5 Feet of Fury

My NEW Taki’s column: 50 Years of “Bonnie and Clyde”

I had to cut a lot, but it is probably just as well. I wanted to mention, for instance, my suspicion that Beatty’s appearance in the last scene especially was a nod to Zbigniew Cybulski, and not just Belmondo in Breathless.

Thanks to everyone on Facebook who tried to help with research!

In patented boomer fashion, Beatty, his colleagues, and his admirers—when defending the picture—adopted a moralistic tone about an immoral subject; that now-familiar voice they’d so far reserved for their sex-and-drugs propaganda was now put to use normalizing violence.

Naive Americans, you see, needed to see what mayhem really looked like. No more mortally wounded big-screen cowboys clutching their bloodless chests heart-attack-style! Why, in-your-face screen slaughter—like porn and weed —was grown-up, even weirdly good for you, man, like wheat germ.
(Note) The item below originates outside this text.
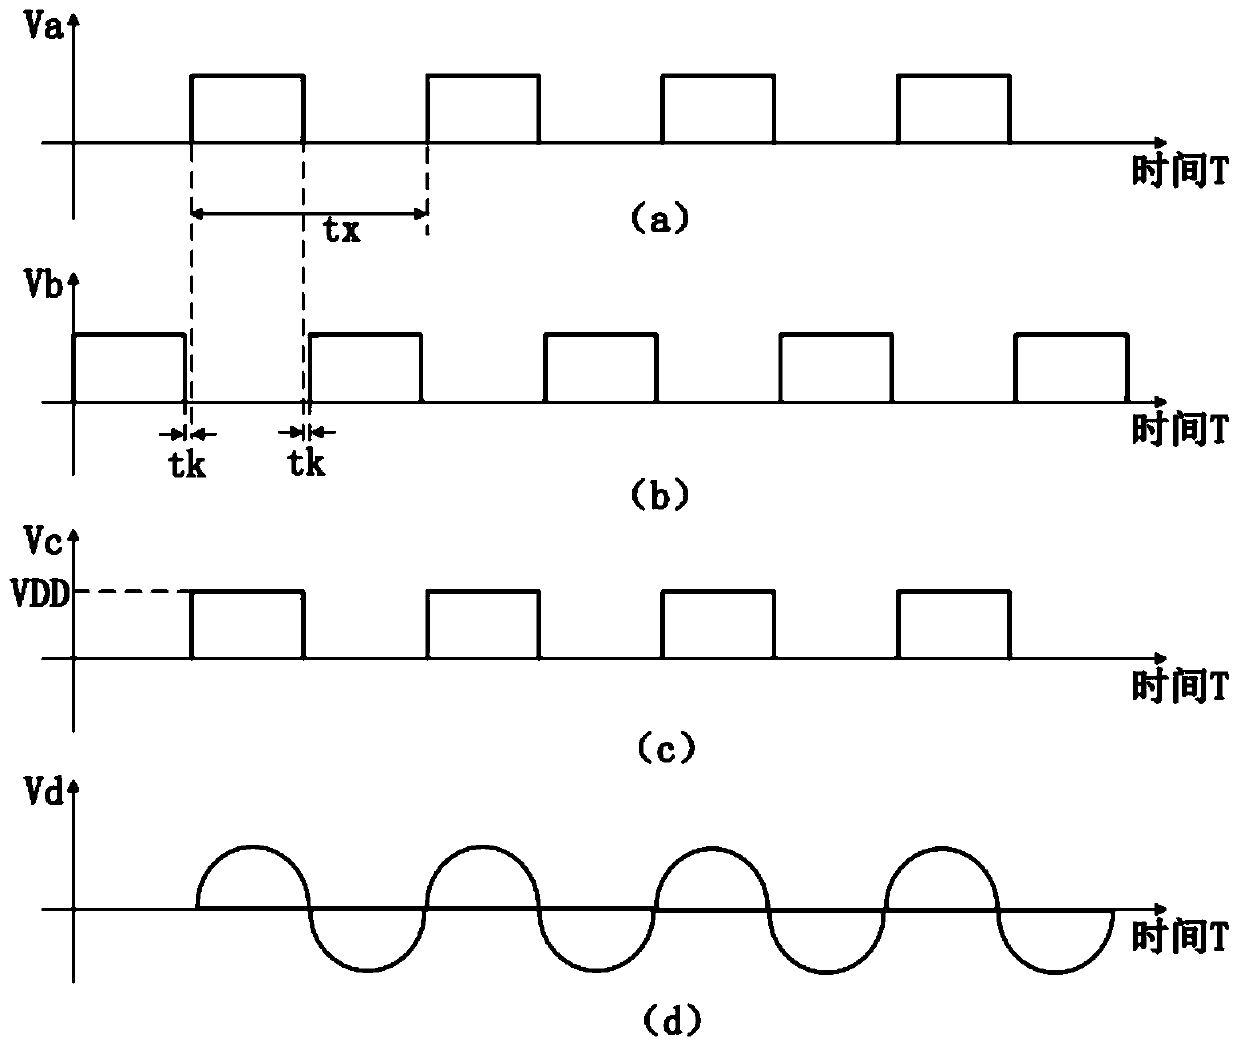 A driving circuit for lamp power control

Besides the fact that tens of thousands of Americans, from emergency-room nurses to armed-forces vets, already knew what real violence looked like better than two guys from Esquire and a pussy-hound matinee idol, a moment’s reflection reveals—you’ll never guess!—that Beatty & Co.’s “authenticity” relied just as heavily as any corny “old-fashioned” movie on artifice. Sometimes even more so if you consider the unprecedented use of hidden squibs to pull off the notorious “dance of death” finale—which, note, is shot in ultra-natural, hyperrealistic, er, slow motion.

(The filmmakers also ordered special effects to ensure that a chunk of Clyde’s scalp would visibly blow off during that sequence. Why? To reference the Kennedy assassination. Wow, deep, man—except…what does that even mean? That their slain liberal president hero was really an impotent, two-bit bank robber? Has anyone else even asked them that during the past fifty years?)